Problem details. Return the data below unchanged. Drop any pictures.
*** Collected material
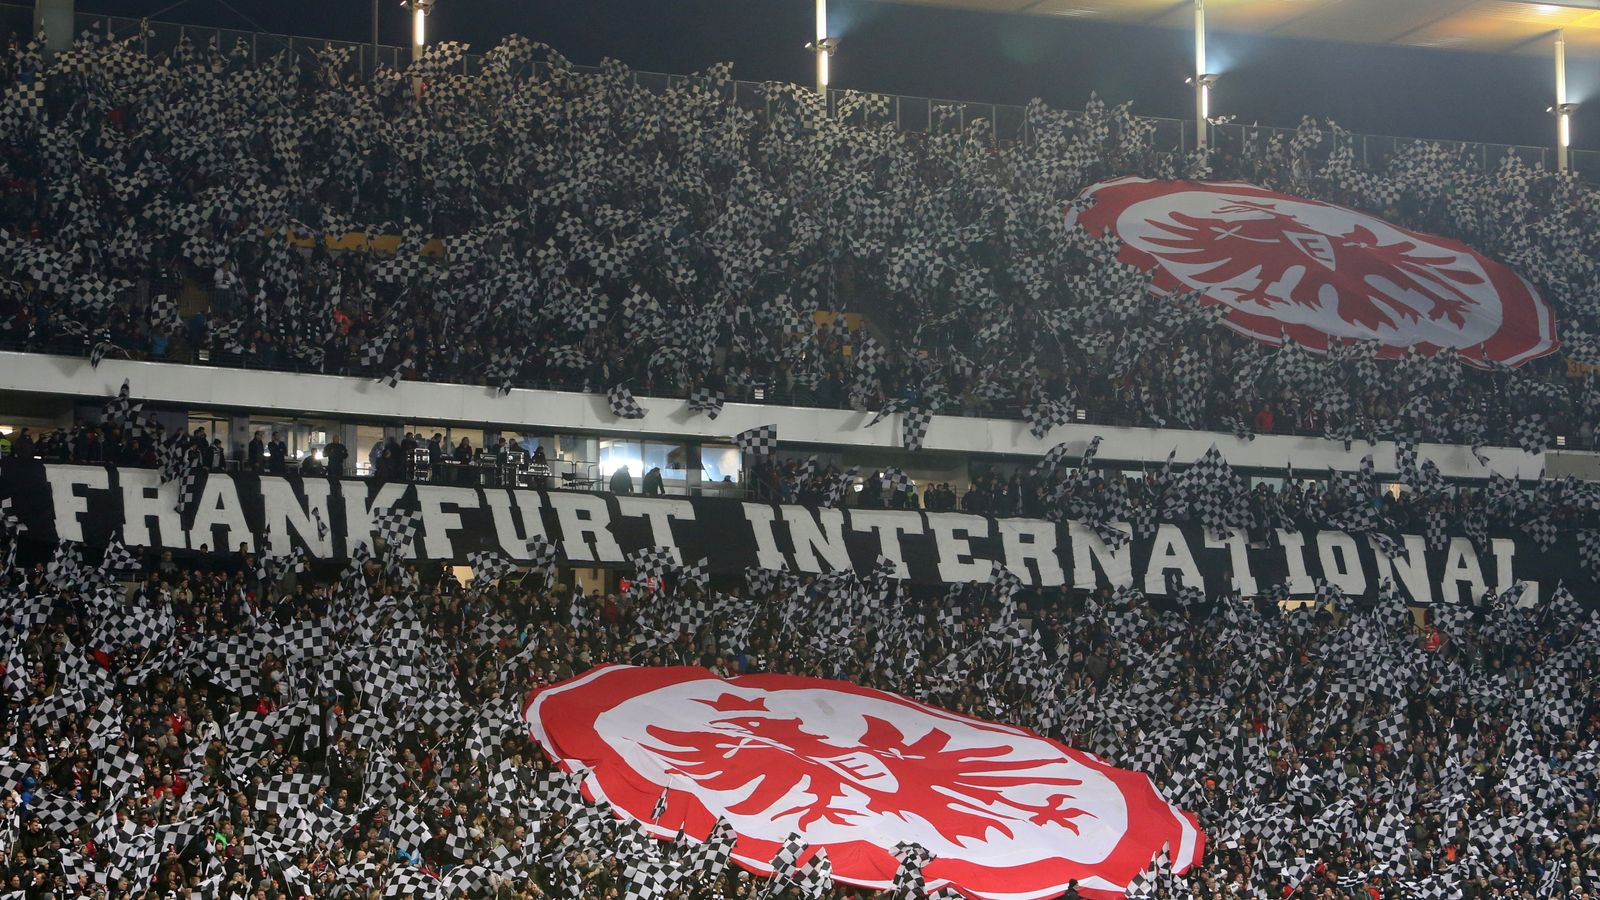 Heimspiele Eintracht Frankfurt
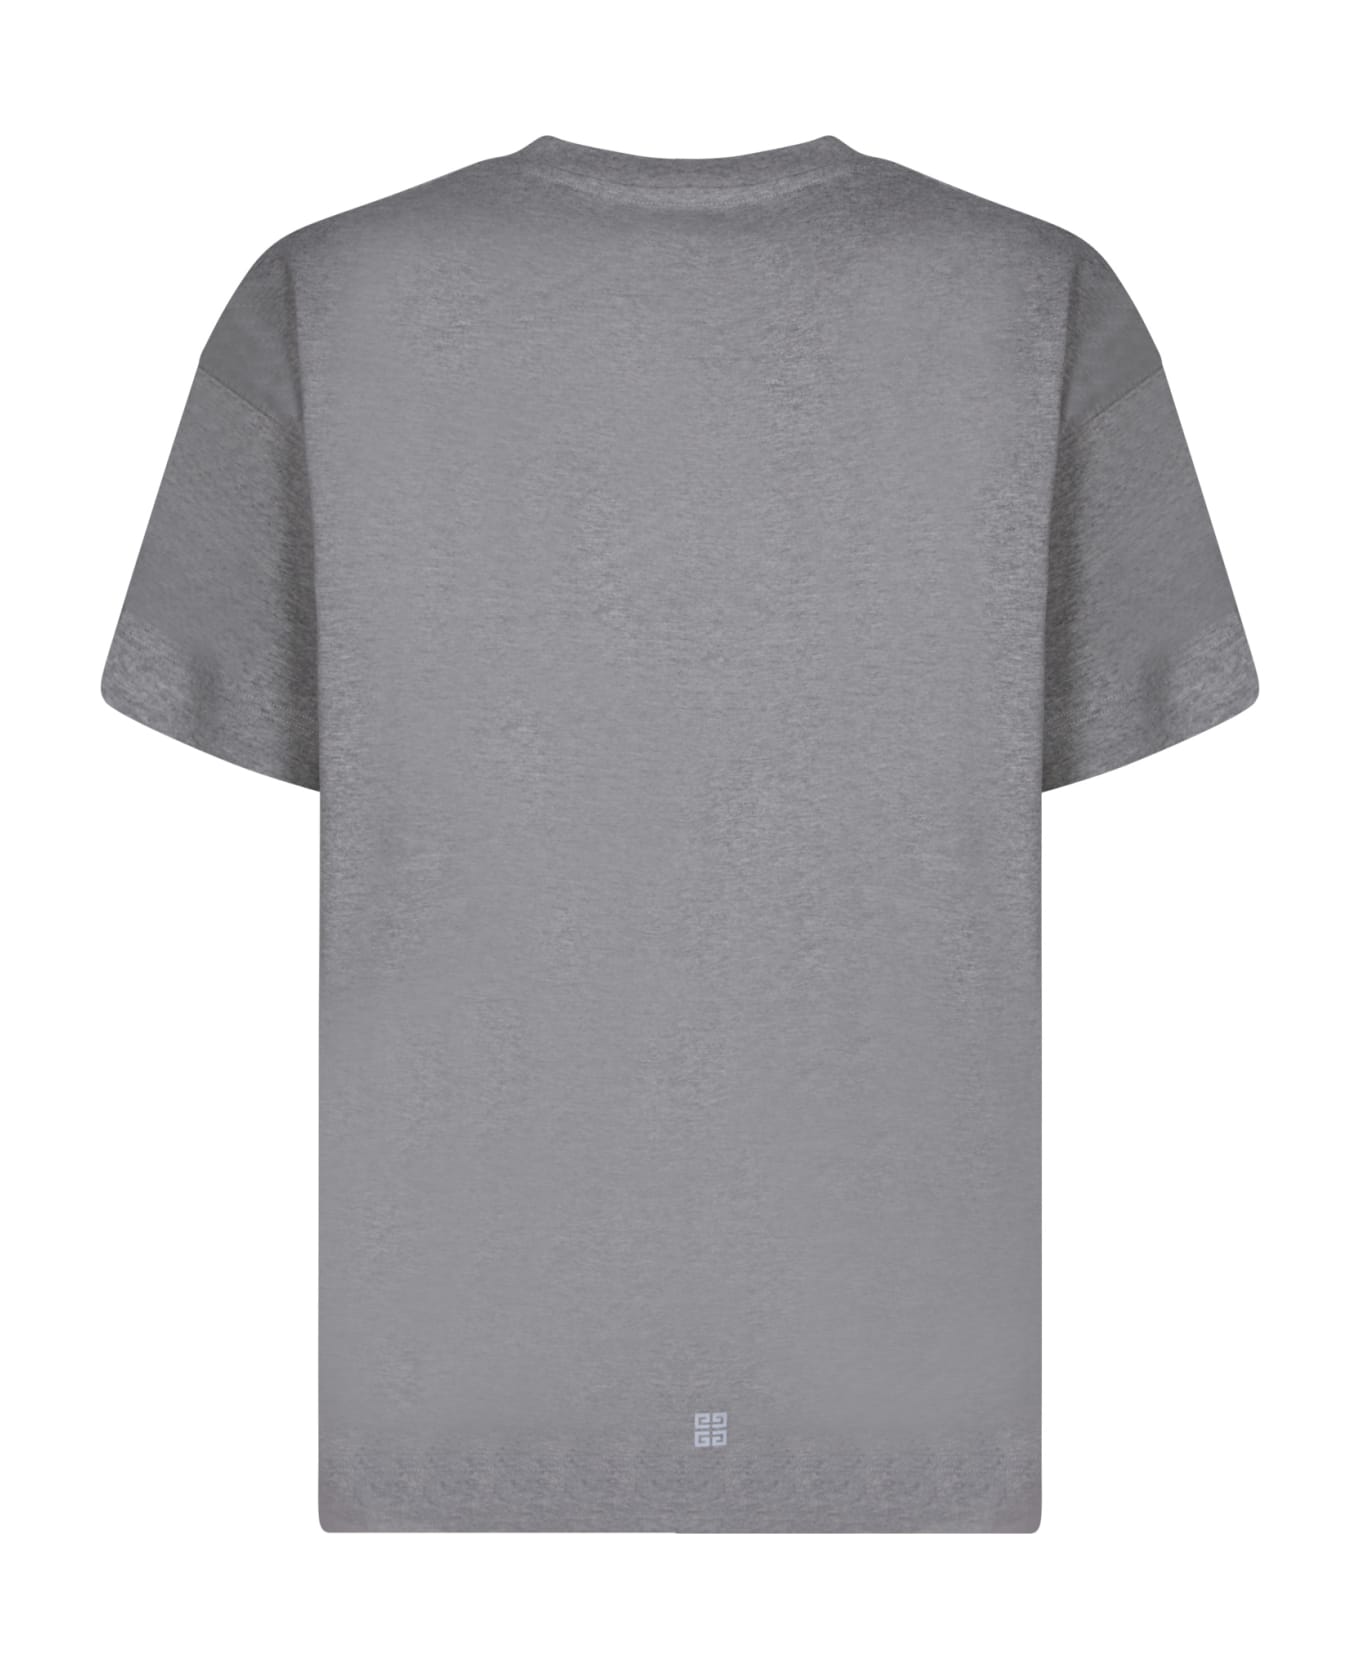 Givenchy Logo Printed Crewneck T-shirt - Grey
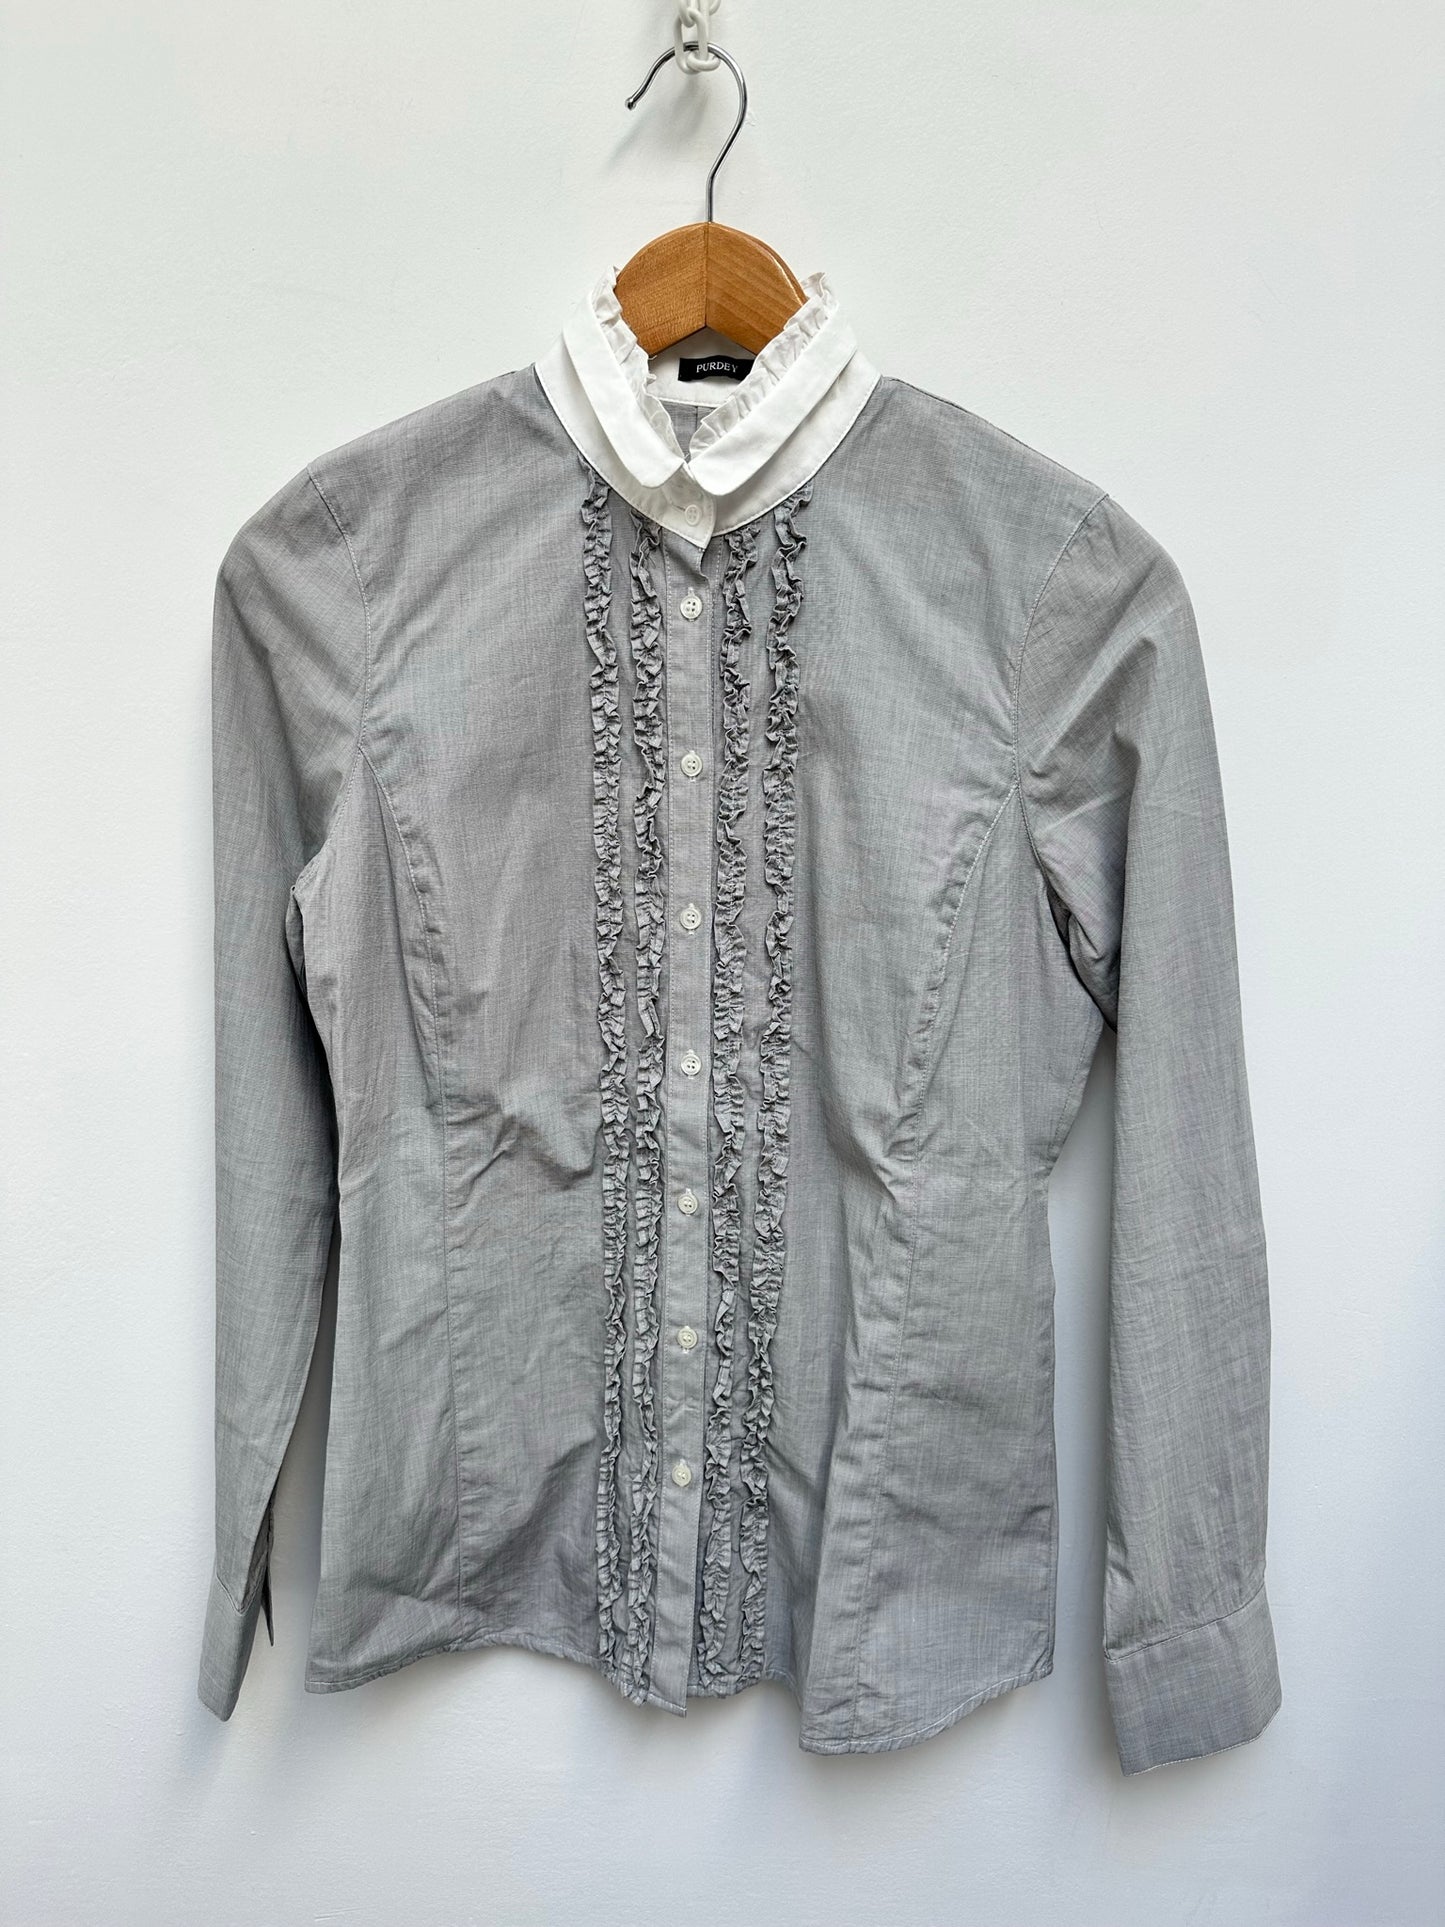 Purdey grijze blouse met witte kraag maat 36
******
Exercise solution.
 Heimspiele Eintracht Frankfurt
 Givenchy Logo Printed Crewneck T-shirt - Grey
 Purdey grijze blouse met witte kraag maat 36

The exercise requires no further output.